The total polarizability α of the molecule can be considered as the sum of the polarizabilities of various mechanisms α = αe + αa + αd. If the number of molecules per unit volume is N, the macroscopic polarization vector P can be correlated with the microscopic molecular polarizability α. P=NαEiP=ε0(εr-1)E=NαEi, so the effective electric field Ei perceived by each molecular polarization in the dielectric constant medium is different from the macroscopic average electric field E. For a molecule, it is not only affected by E, but also by the electric field generated by other polarizations. It is envisaged that the molecular model examined is a sphere, and the radius of the sphere is much larger than the spacing of the atoms.

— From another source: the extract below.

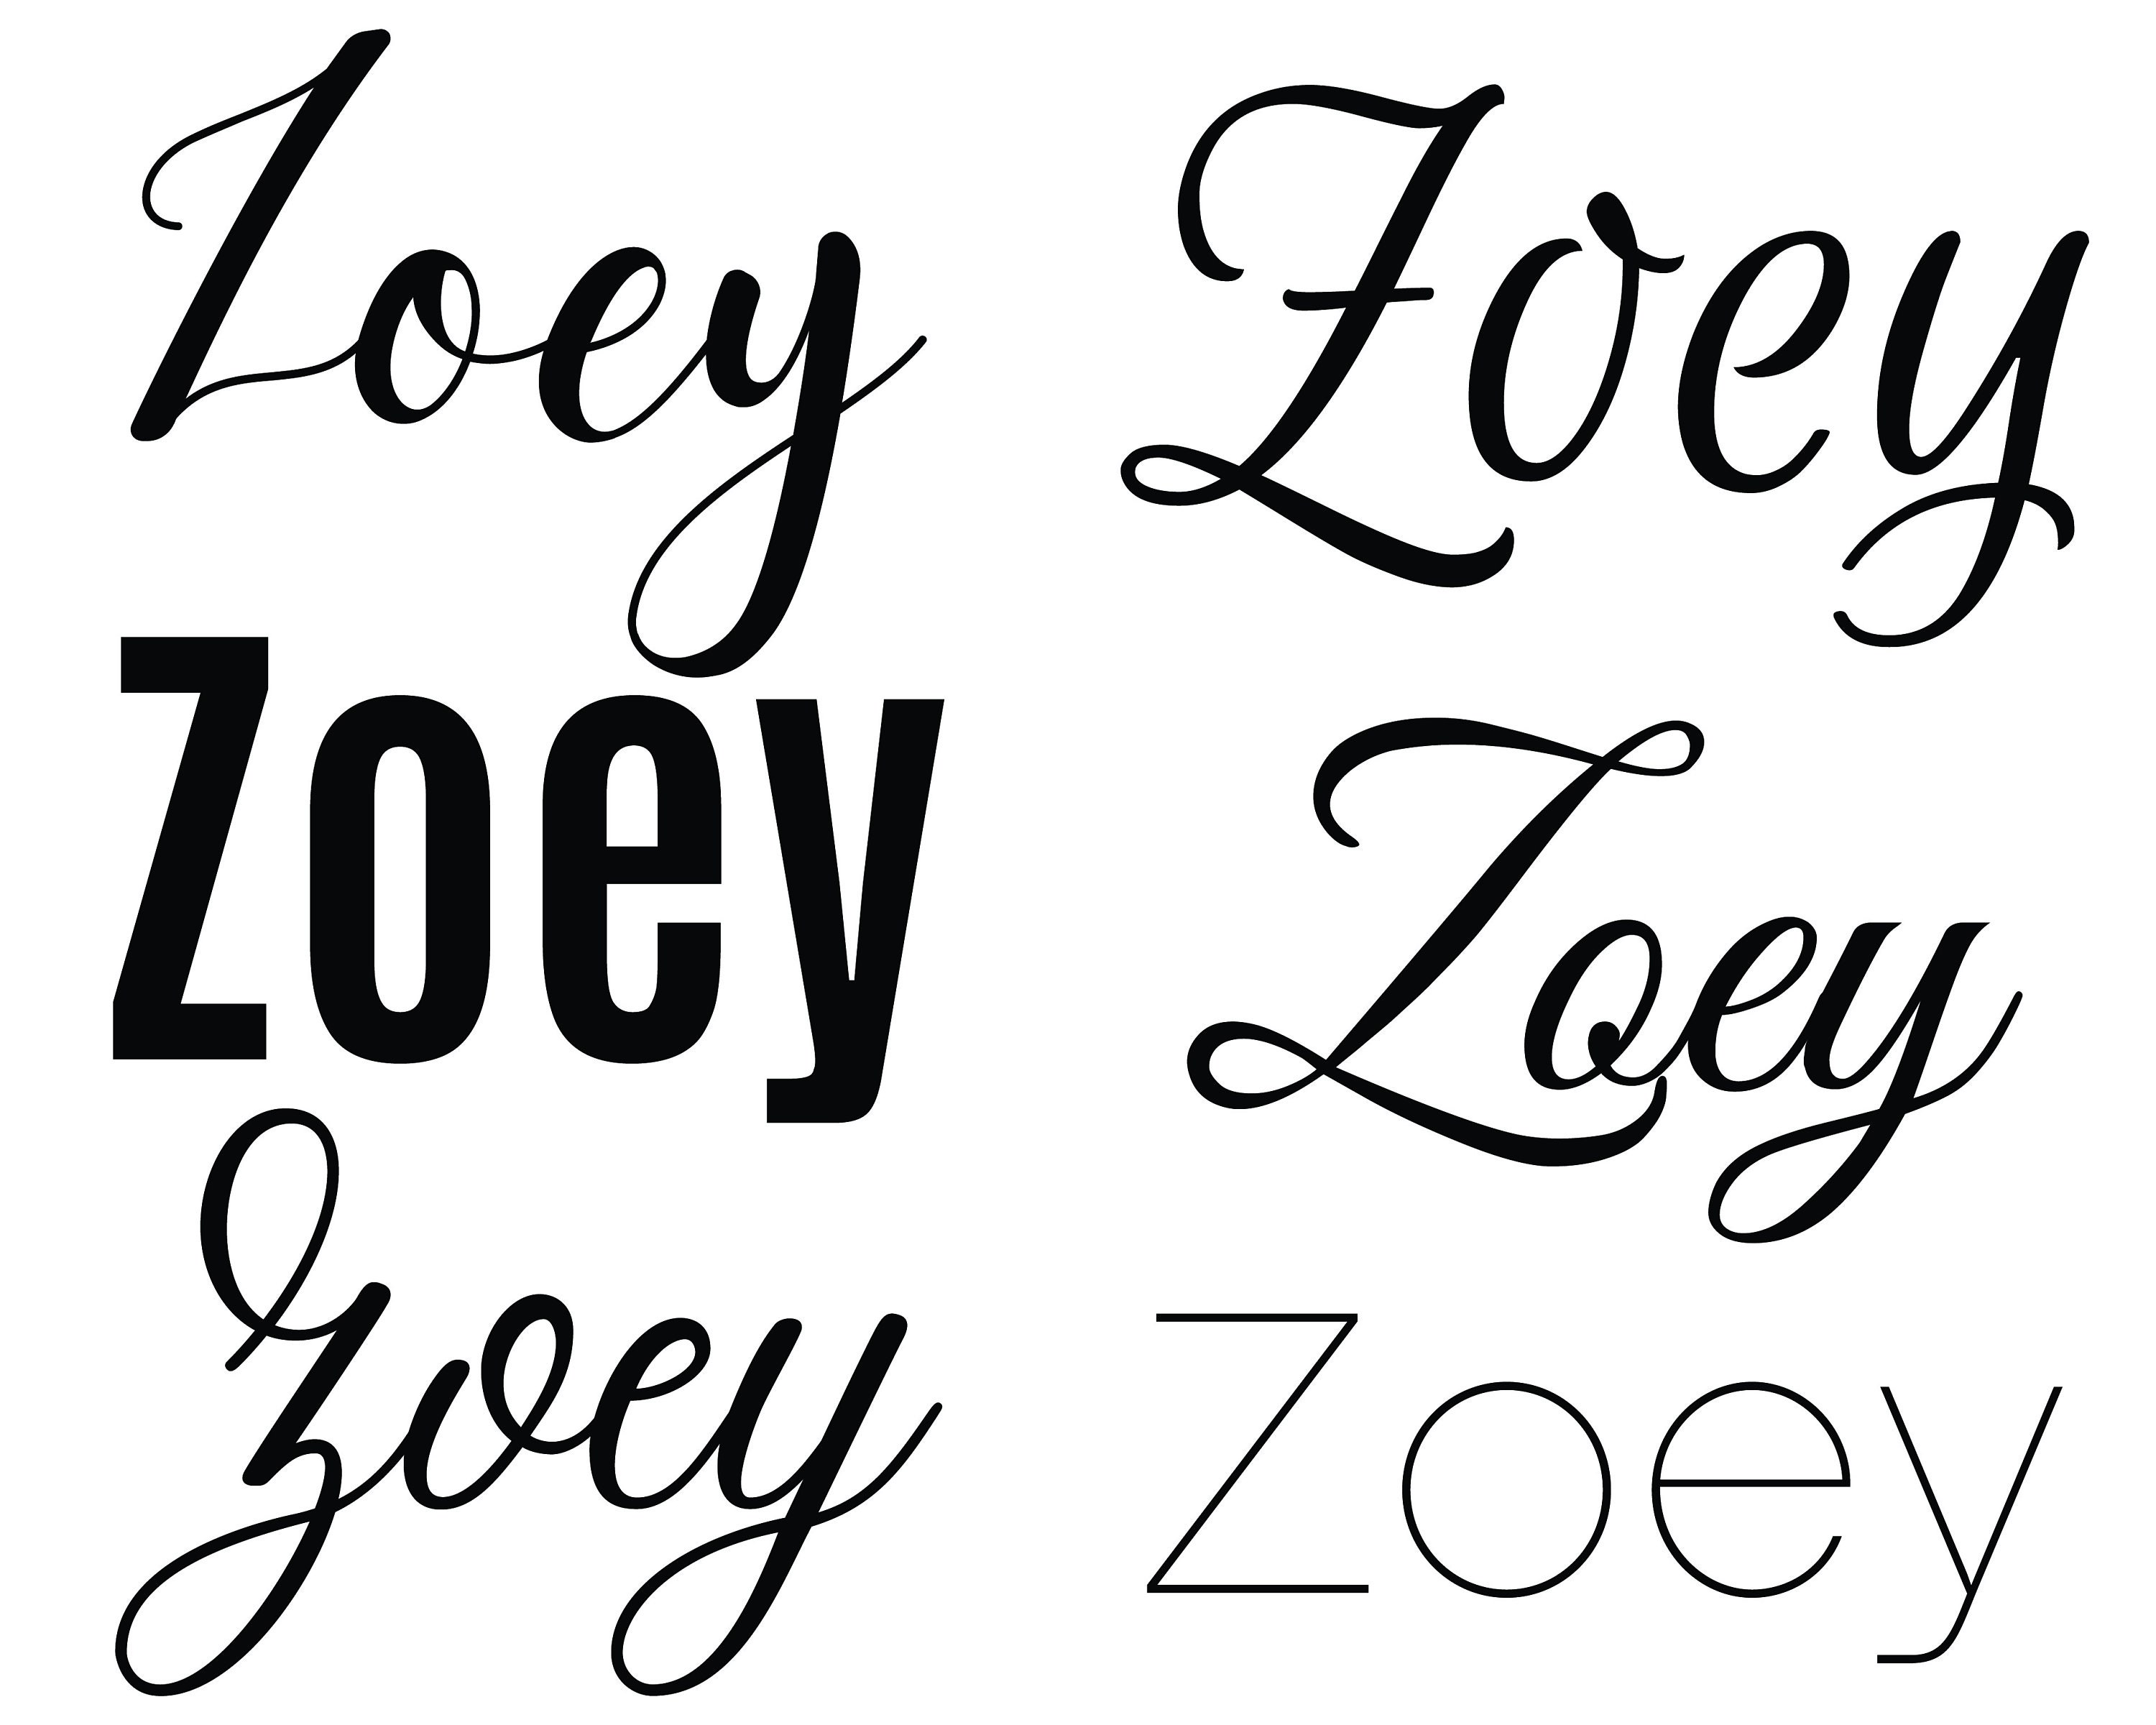 Zoeyxzoey

The influence of molecular polarization outside, the ultrasonic piezoelectric transducer can be treated as a continuous polarized medium in a macroscopic way. The degree responses to the change of the external field during the polarization of the medium is represented by the relaxation time τ. The physical meaning of τ is adding a constant electric field to the dielectric, removing the electric field after the polarization is stabilized, and passing the time τ, the polarization P .The sum of the electric dipole moment vectors in the volume is reduced to 1/e of the original pm, ie P=Pmetτ. Since there is relaxation in the polarization process, D (displacement vector), P and E changes are not in phase. D, P will lag behind the phase of E. The sinusoidal alternating electric field is represented by a complex number. In order to measure the dielectric spectrum of the piezoelectric ceramic, in this experiment, a buzzer made of piezoelectric ceramic is placed between two circular electrode sheets, and the angular frequency is added to the electrode sheet and sinusoidal voltage of ω.